» Data shown:
------------------------

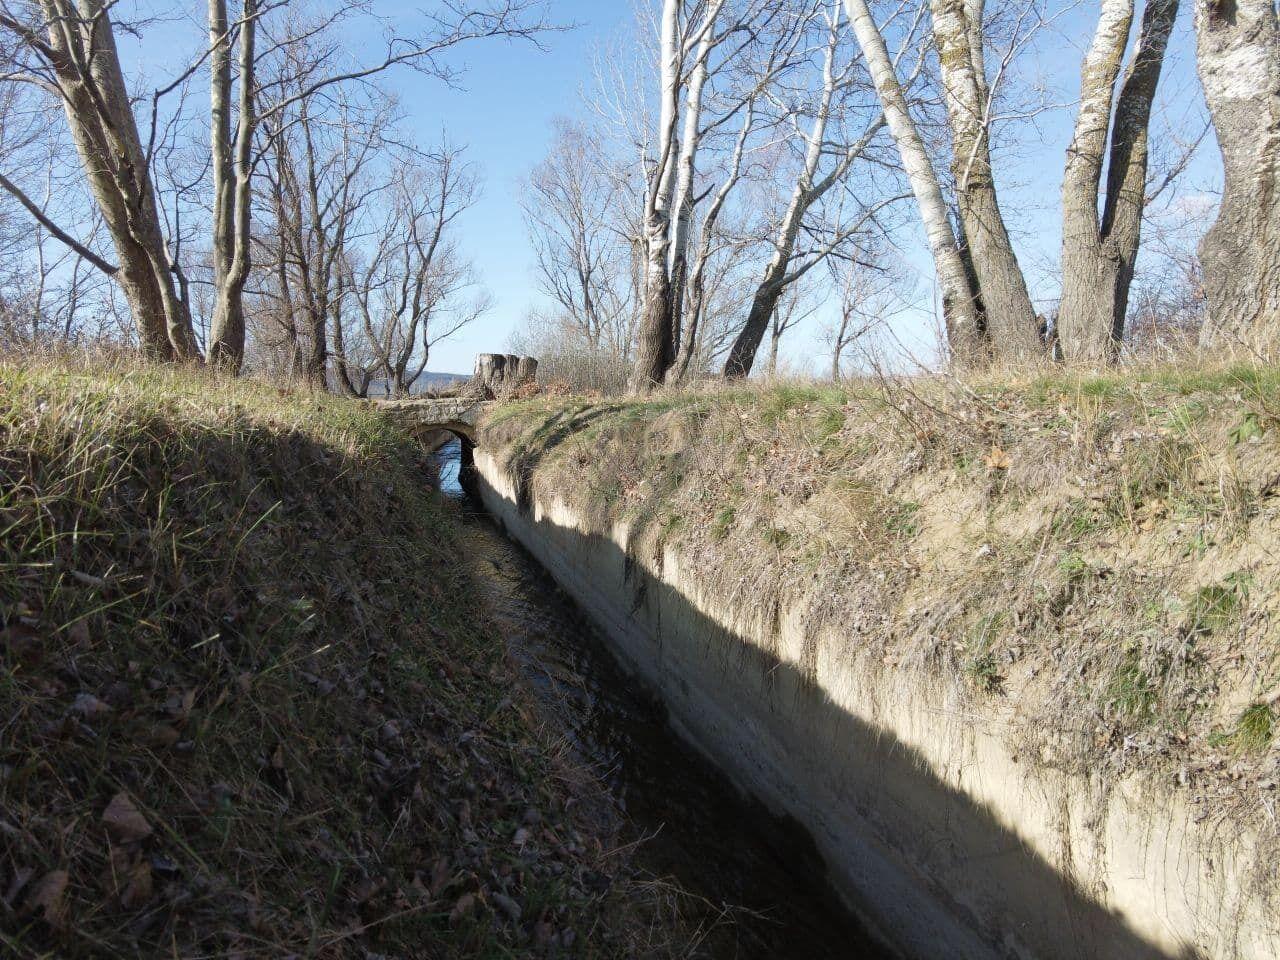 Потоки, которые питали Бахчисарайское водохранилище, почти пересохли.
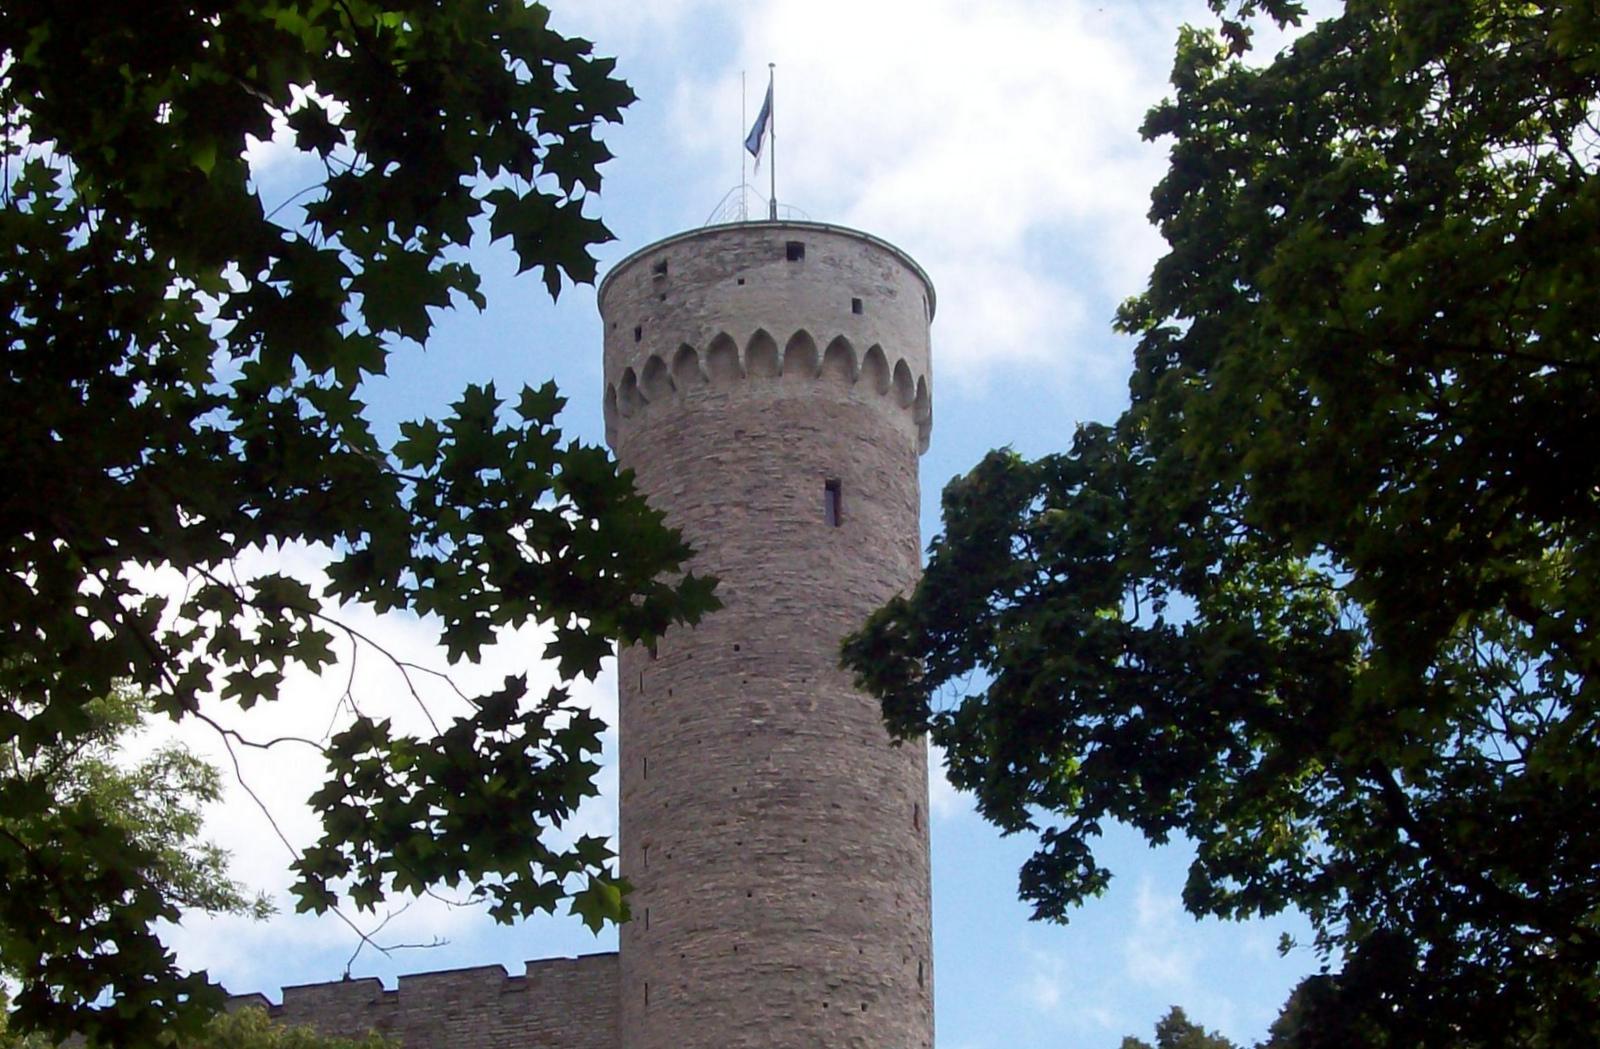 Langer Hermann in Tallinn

------------------------

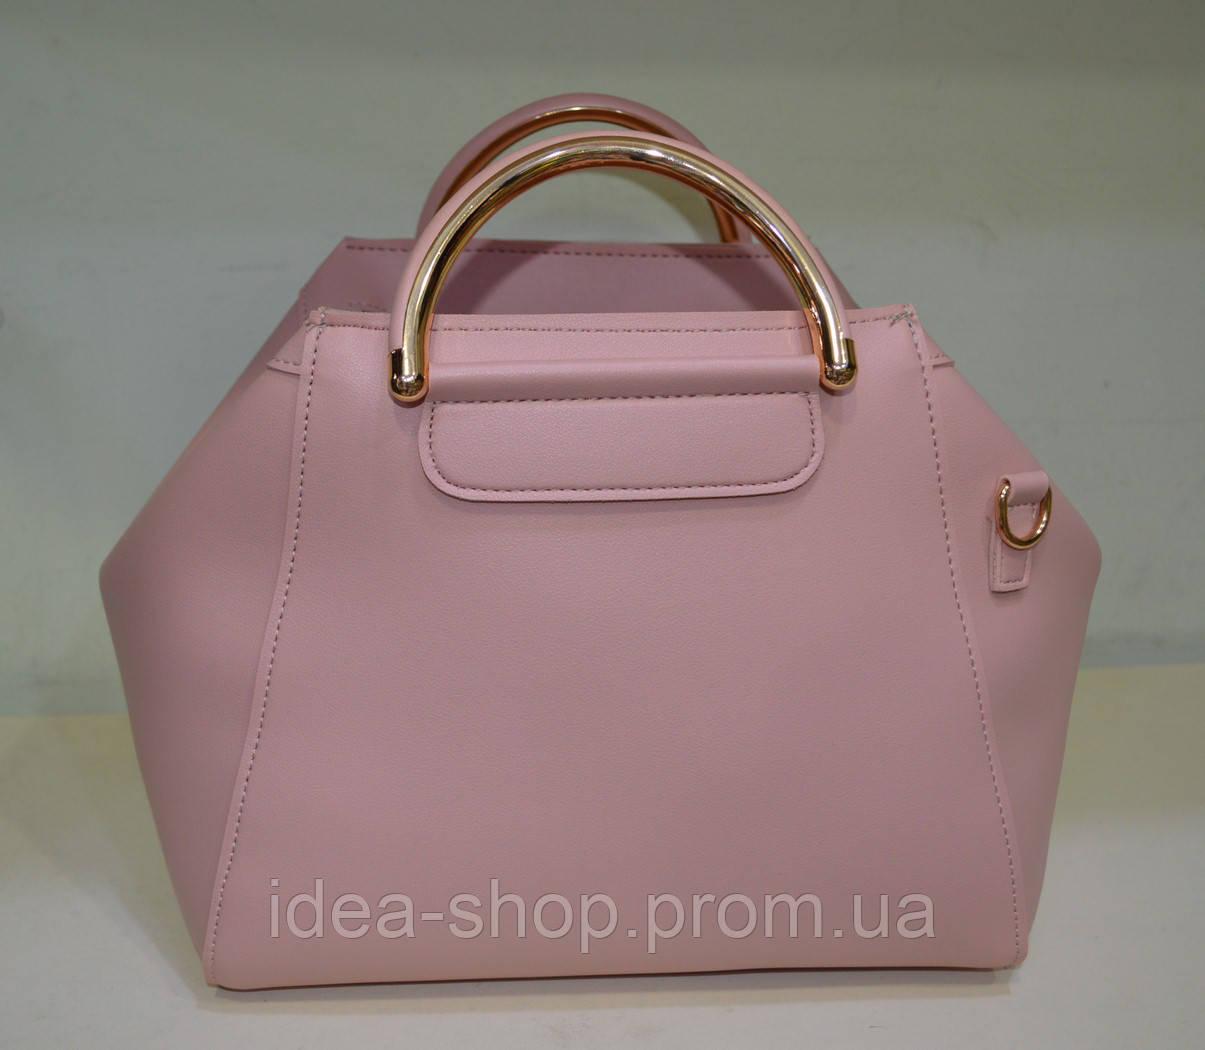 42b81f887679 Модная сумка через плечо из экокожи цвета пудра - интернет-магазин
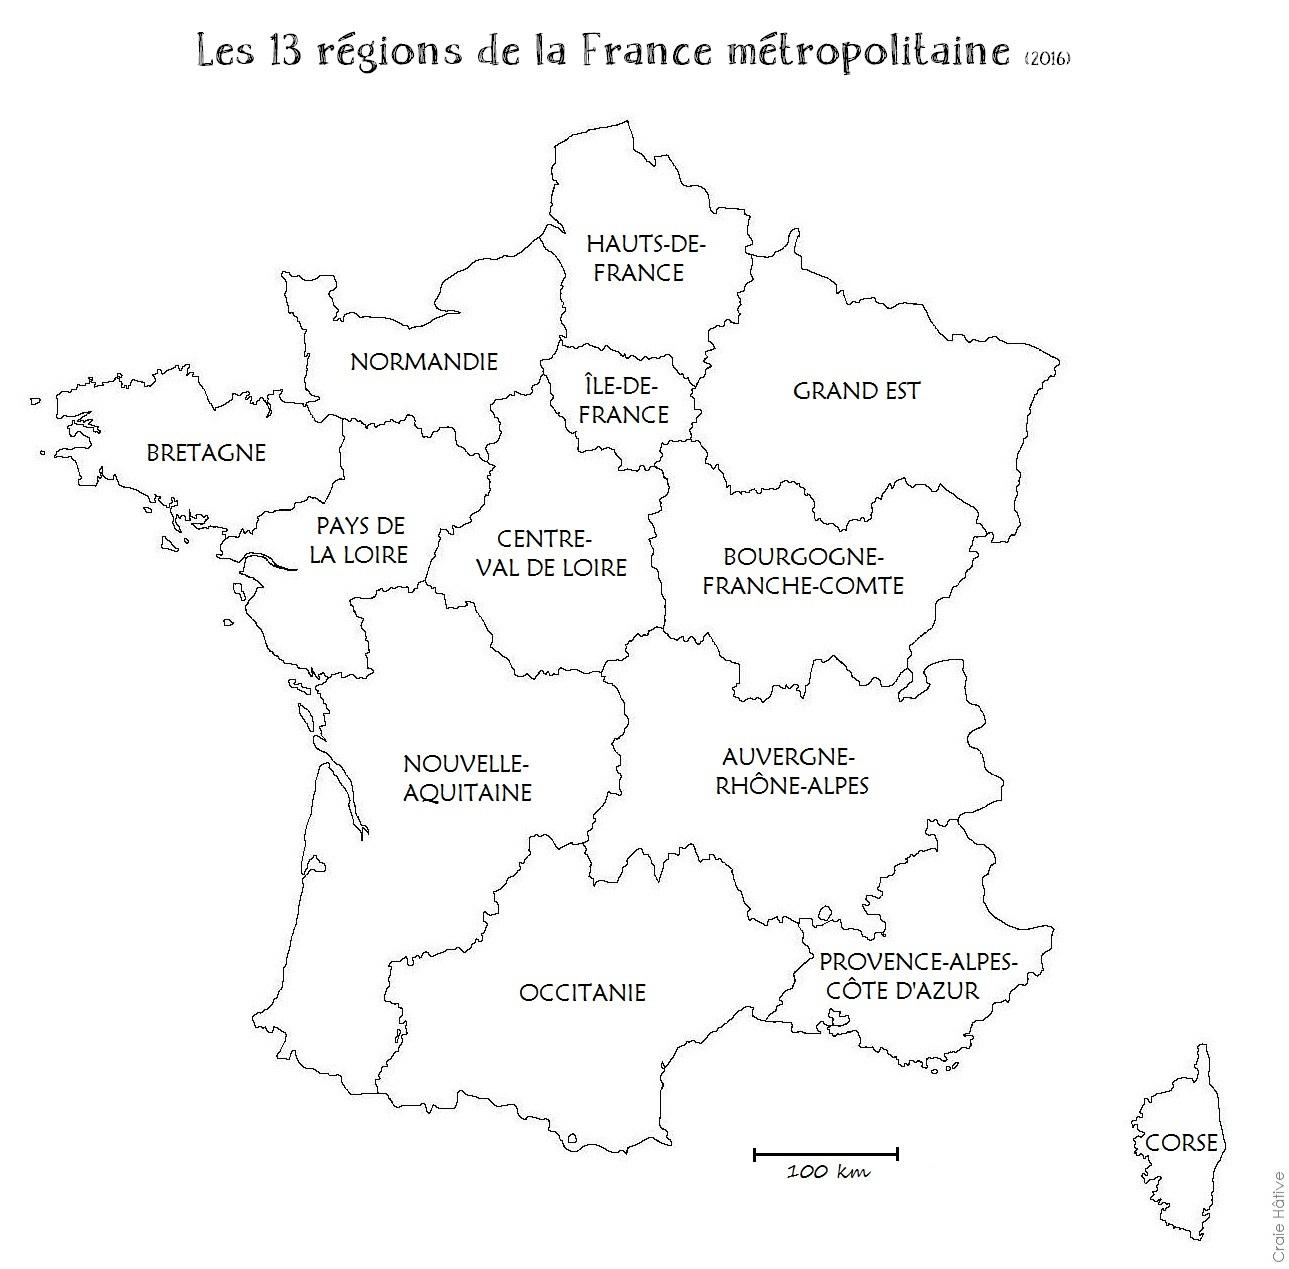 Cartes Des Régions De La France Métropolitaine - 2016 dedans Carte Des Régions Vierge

------------------------

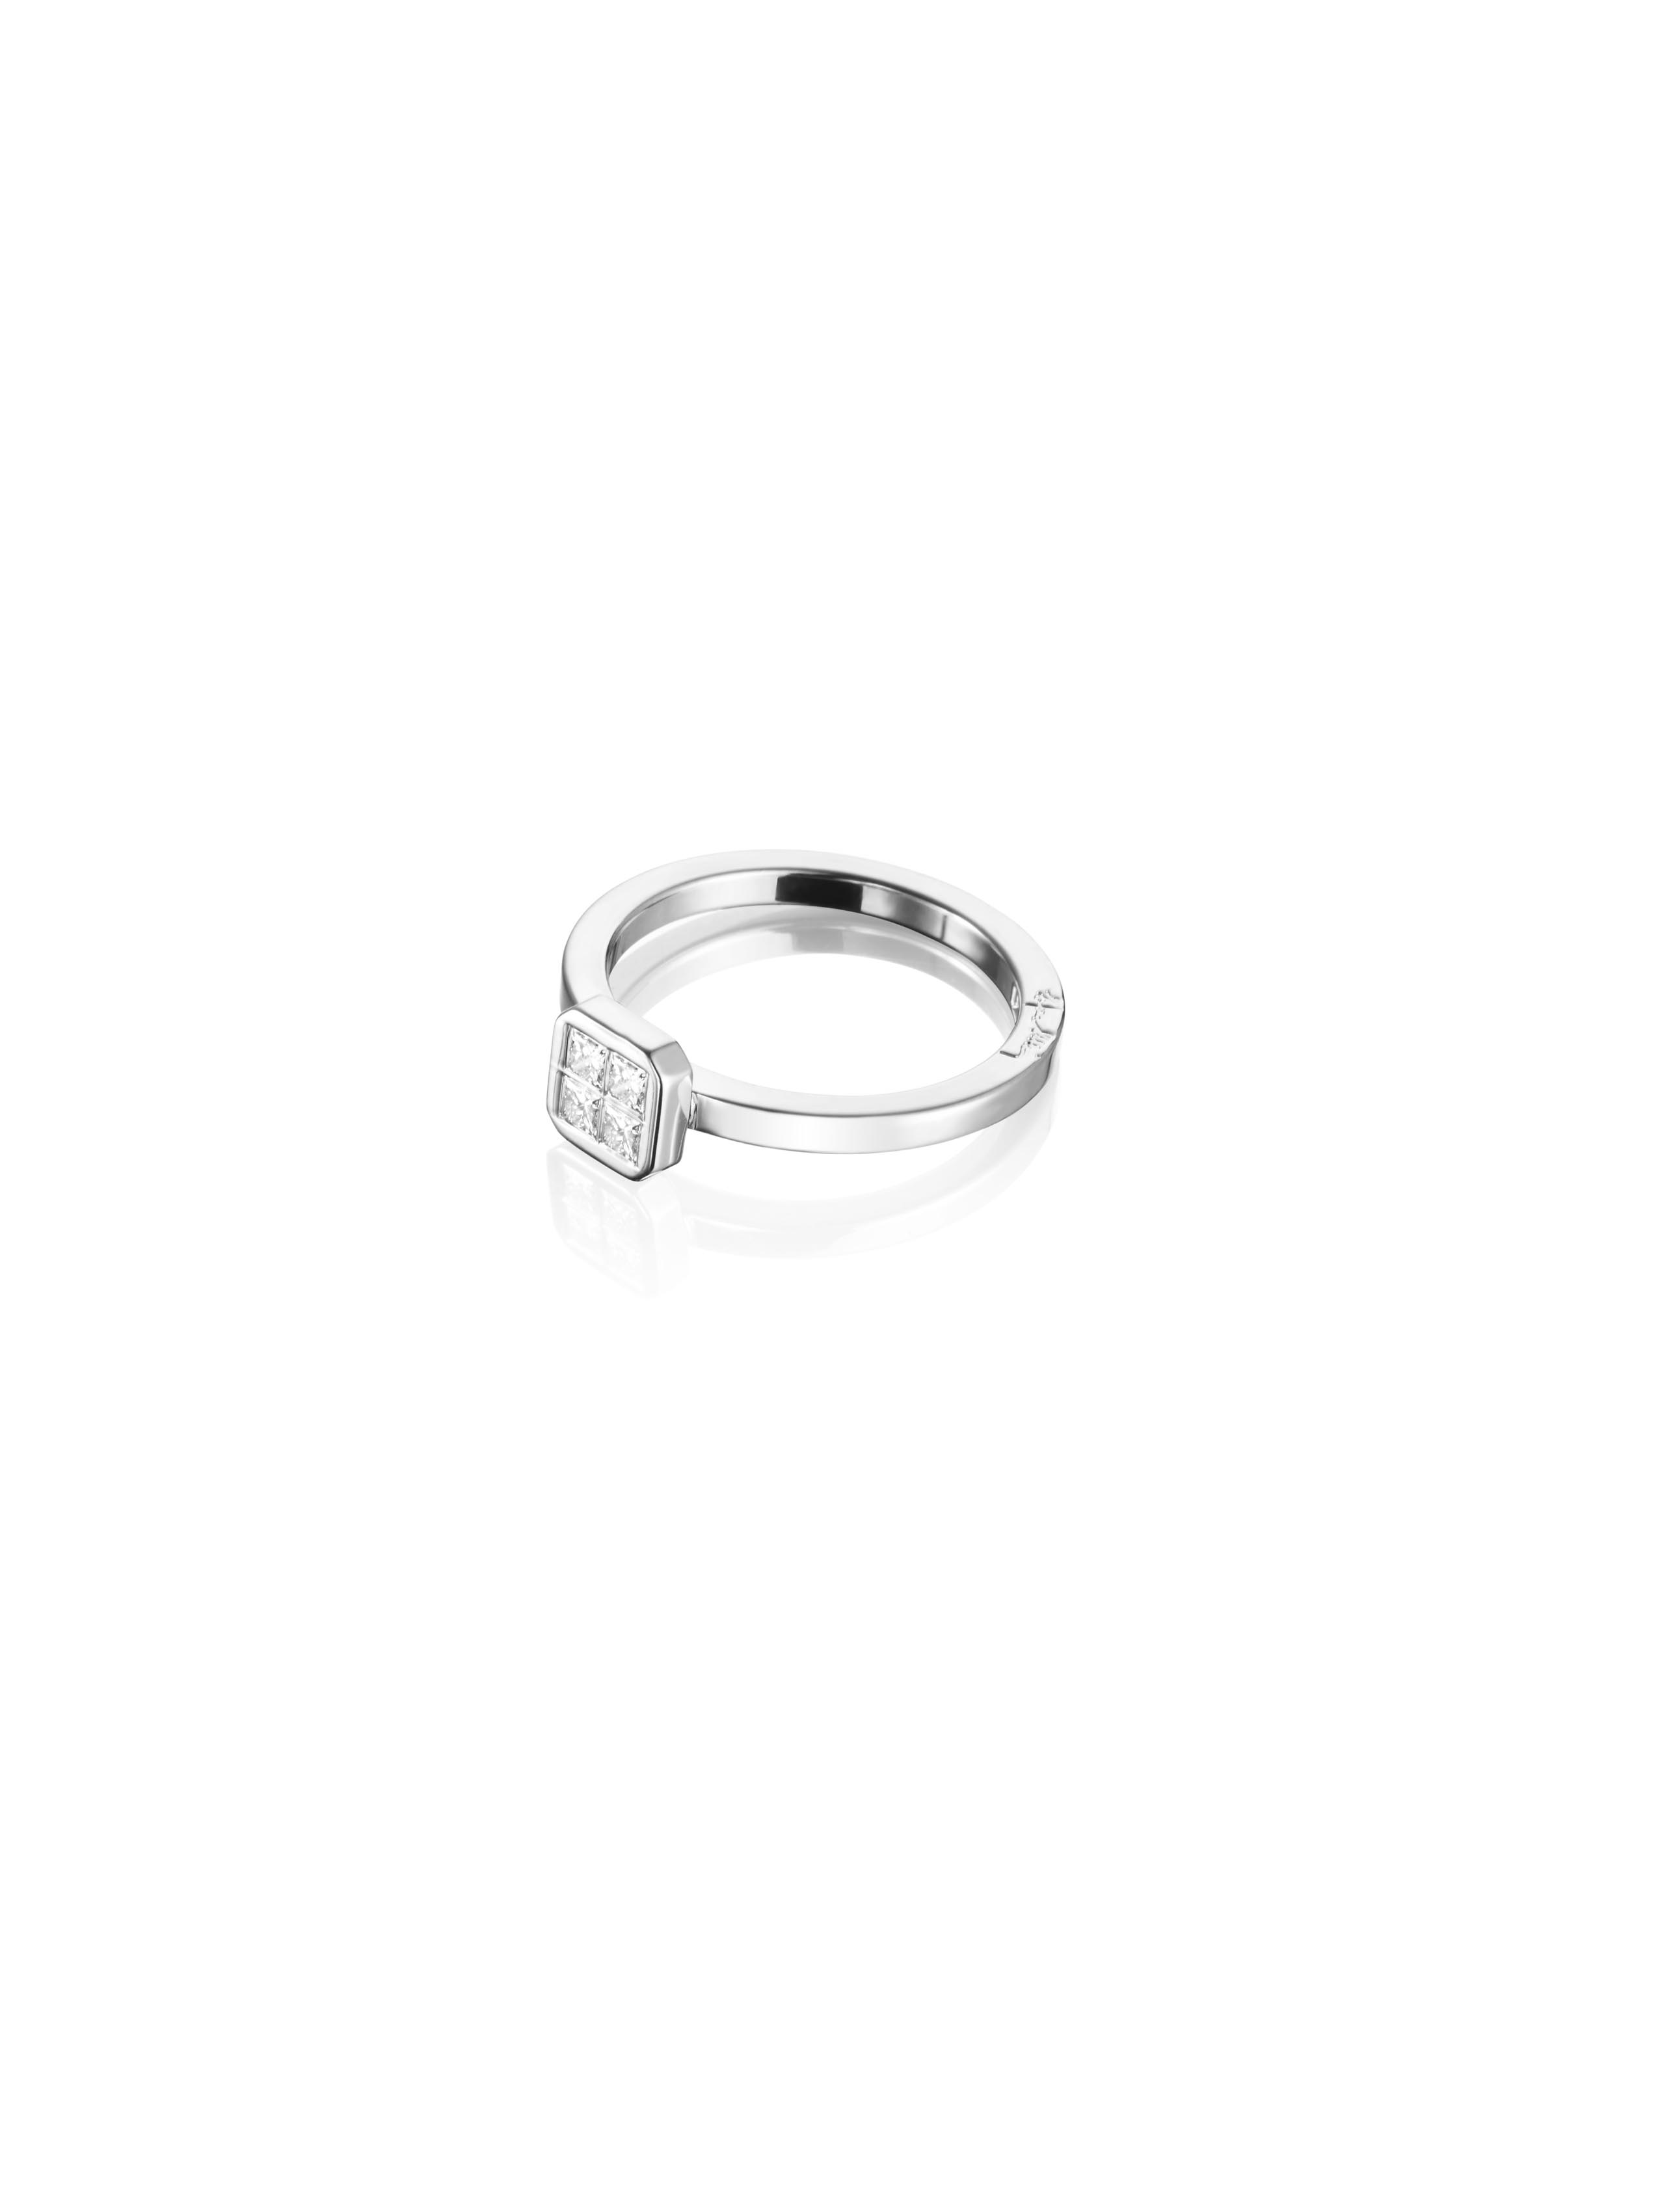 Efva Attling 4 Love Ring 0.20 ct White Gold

------------------------

Respond with the exact lines above running from the one containing "Потоки, которые питали" to the one containing "Langer Hermann in Tallinn", both ends kept and no pictures included.

 Потоки, которые питали Бахчисарайское водохранилище, почти пересохли.
 Langer Hermann in Tallinn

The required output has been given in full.